Outline from drawing made for reporter labs:
Here the sequence inputs have either a static stem in between them or a short loop.
Stem or loop between sequence inputs for turnoff?
I think there may even be a pattern to what to pick when. A loop or a static stem between sequences that needs to be turning each other off in one state but both be on in the next state.
If you want two sequences disappearing and then both binding, having a stem in between seems to be better than having just a loop in between.
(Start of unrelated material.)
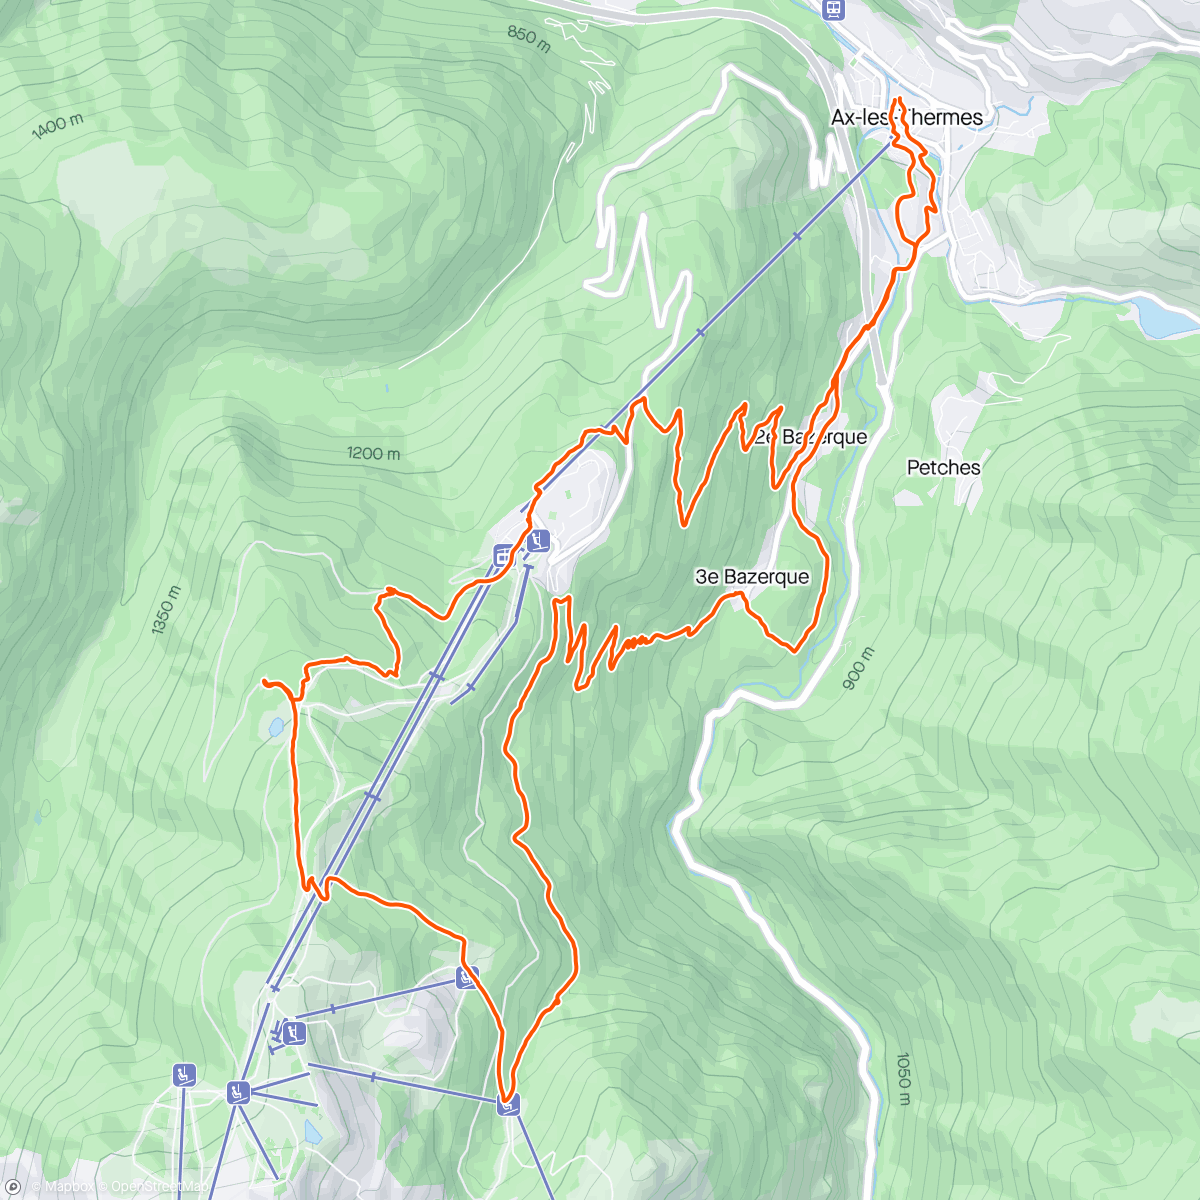 アクティビティ「Trail le matin reco du 25 de UltrAriège avec test de matériel avec intersport ax」の地図

At least the mir-in, reporter-in lab with the short reporter sequence, more exclusively prefers having a stem between the inputs.
If you want two longer sequences to go from not being there, to both be binding up, a loop in between the sequences may be more effective than a static stem.
At least the cooperative results seems to suggest that a static stem seems less effective than having just a loop in between the two MS2’s. And these MS2 sequences are longer.
Plus the top scorers in the mir-in, reporter-in lab with the long reporter, where the sequences are of more equal length (similar length to MS2) seems to be more in doubt on whether to go for static stem or loop in between the sequences.
Perspective on order of sequences shared
I can’t make the weaker TB A sequence that should be the staying sequence, to go last in order - whilst sharing lanes. Only opposite. While I can balance the design by adding a static stem and it will probably end up having a winning sibling after this round, judging from the many lower scoring designs there were in my series, I also believe it may be hard to achieve a lot of winners this way.
So I think the way to get real high fold change and a better shot at getting winners, will be go with the strategy with the leaving sequence before the staying sequence, with a MS2 in between and have these spaced well out. Which is exactly what JR did in his R2 winners. I think it is the superior strategy provided that a sequence share after preferred order, is not possible.
Or put another way:
If sequence abbreviating can’t be used - like sequences sharing lanes, MS2 overlapping with one sequence (R2) or both (R3) then the RNA designs with two inputs tends to use most or the full RNA design.
The overlapping strategy where switch elements share lanes seems to be mainly of use if only one variant of the puzzle needs to be solved. I think for logic gate labs where many puzzles needs to be solved with the same sequences, it is going to be real hard having perfect matches for sequence overlap which ever way, the oligos are going to be placed in relation to each other.
Extra added note: Actually I did make the B go before A and 86% was the highest achieved score. I may have placed the design complex at the less optimal end, the design complex seems if not taking the whole space of the RNA, seems to have favorite ends.
So I have moved this design to the opposite end of the RNA in this round to see if I can get a better score. One thing that may speak against it is that the MS2 will get dangerously near to the end of the design, something it has regularly shown to dislike. On the other hand, two input labs seem to be a bit more tolerant to this.